Merge lp:~jelmer/bzr/urllib-verifies-ssl-certs into lp:bzr

Proposed by Jelmer Vernooij
Status: Superseded
Proposed branch: lp:~jelmer/bzr/urllib-verifies-ssl-certs
Merge into: lp:bzr
Diff against target: 247 lines (+133/-18)
6 files modified
bzrlib/config.py (+7/-1)
bzrlib/errors.py (+8/-0)
bzrlib/tests/test_http.py (+0/-1)
bzrlib/transport/__init__.py (+3/-3)
bzrlib/transport/http/_urllib2_wrappers.py (+109/-13)
doc/en/release-notes/bzr-2.5.txt (+6/-0)
To merge this branch: bzr merge lp:~jelmer/bzr/urllib-verifies-ssl-certs
Reviewer Review Type Date Requested Status
Martin Packman (community) Needs Fixing
Review via email: mp+81227@code.launchpad.net

This proposal has been superseded by a proposal from 2011-12-20.

Description of the change

Add support for verifying SSL certificates when using urllib.

This branch does actually work, but it's got some open ends:

* The location with the CAs to trust differs per system. Rather than hardcoding
  a list, I think we should have a configuration option that allows the user
  to specify what CA list they want to verify against.

  This option could then also be pointed at a user-specific list
  (rather than a system wide list). And packagers can put in the default
  for their distribution.

  Where do I obtain this option from, which config stack ?

* We probably want some way to specify that self-signed certificates are ok.
  Probably also a new option?
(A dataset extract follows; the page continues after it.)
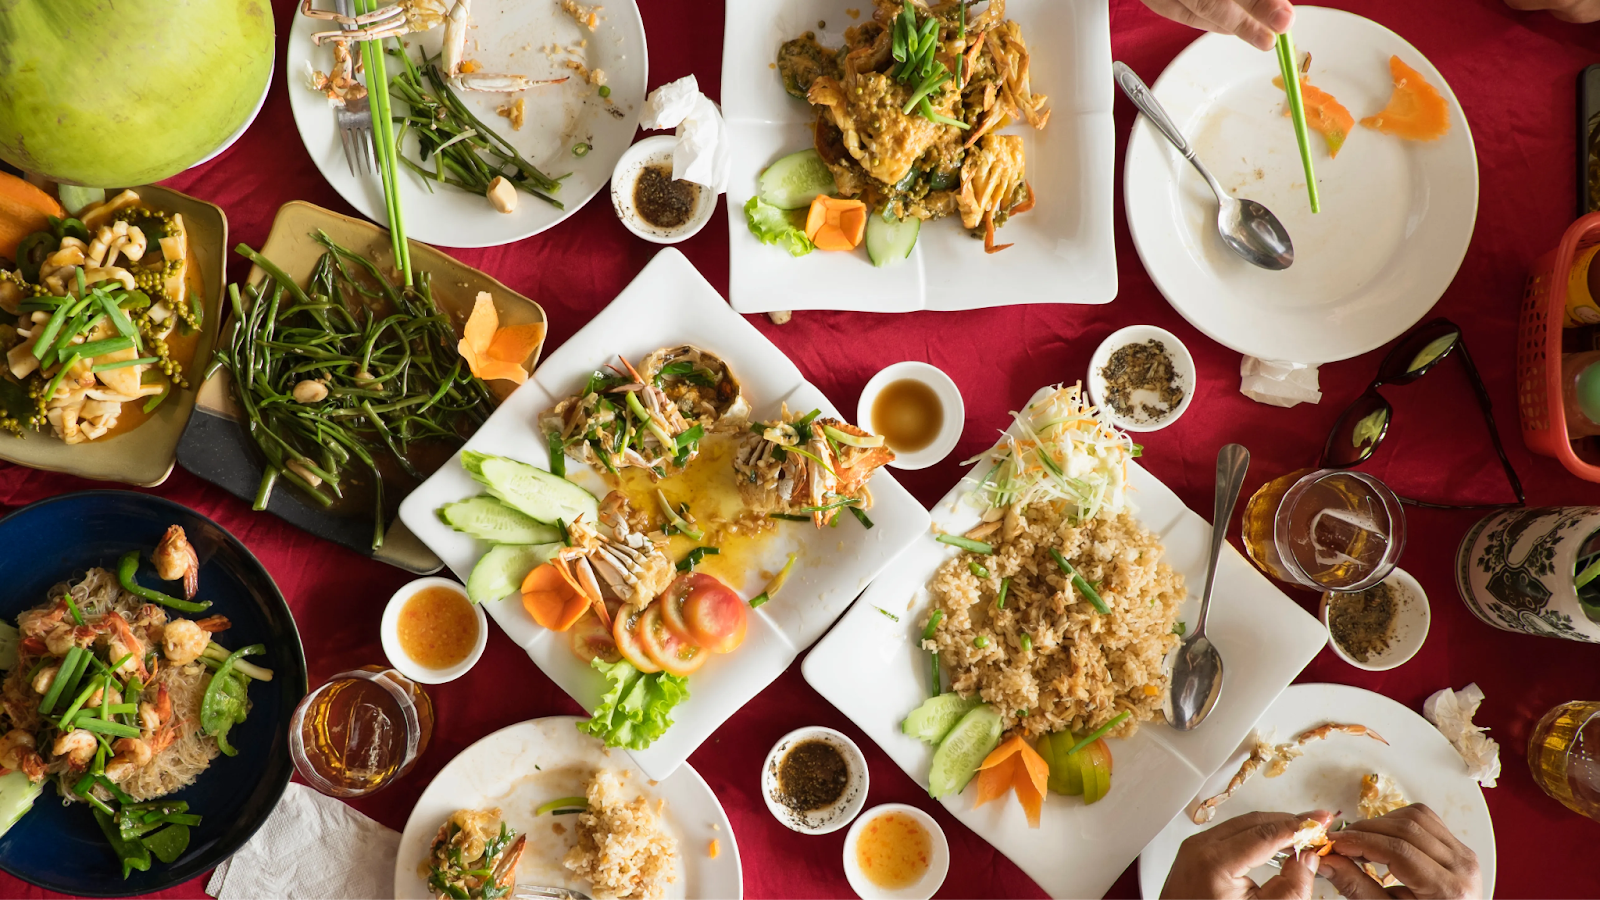 Cambodia has a rich and vibrant cuisine

We should probably still warn the user
  when a self-signed certificate is being trusted.

* There are no additional tests. There probably should be some, at least for
  e.g. the match_hostname helper.

* I have the feeling that I'm missing something. This was way too easy.
  What is it?

To post a comment you must log in.
Revision history for this message
Martin Pool (mbp) wrote :

On 4 November 2011 14:03, Jelmer Vernooij <email address hidden> wrote:
> Jelmer Vernooij has proposed merging lp:~jelmer/bzr/urllib-verifies-ssl-certs into lp:bzr.
>
> Requested reviews:
>  bzr-core (bzr-core)
> Related bugs:
>  Bug #125055 in Bazaar: "defaulting to pycurl doesn't make sense anymore"
>  https://bugs.launchpad.net/bzr/+bug/125055
>  Bug #651161 in Bazaar: "bzr fails to verify ssl validity in https connections - by default --> as pycurl isn't a dep only a suggestion "
>  https://bugs.launchpad.net/bzr/+bug/651161
>
> For more details, see:
> https://code.launchpad.net/~jelmer/bzr/urllib-verifies-ssl-certs/+merge/81227
>
> Add support for verifying SSL certificates when using urllib.

That's great, thanks.

> This branch does actually work, but it's got some open ends:
>
> * The location with the CAs to trust differs per system. Rather than hardcoding
>  a list, I think we should have a configuration option that allows the user
>  to specify what CA list they want to verify against.
>
>  This option could then also be pointed at a user-specific list
>  (rather than a system wide list). And packagers can put in the default
>  for their distribution.
>
>  Where do I obtain this option from, which config stack ?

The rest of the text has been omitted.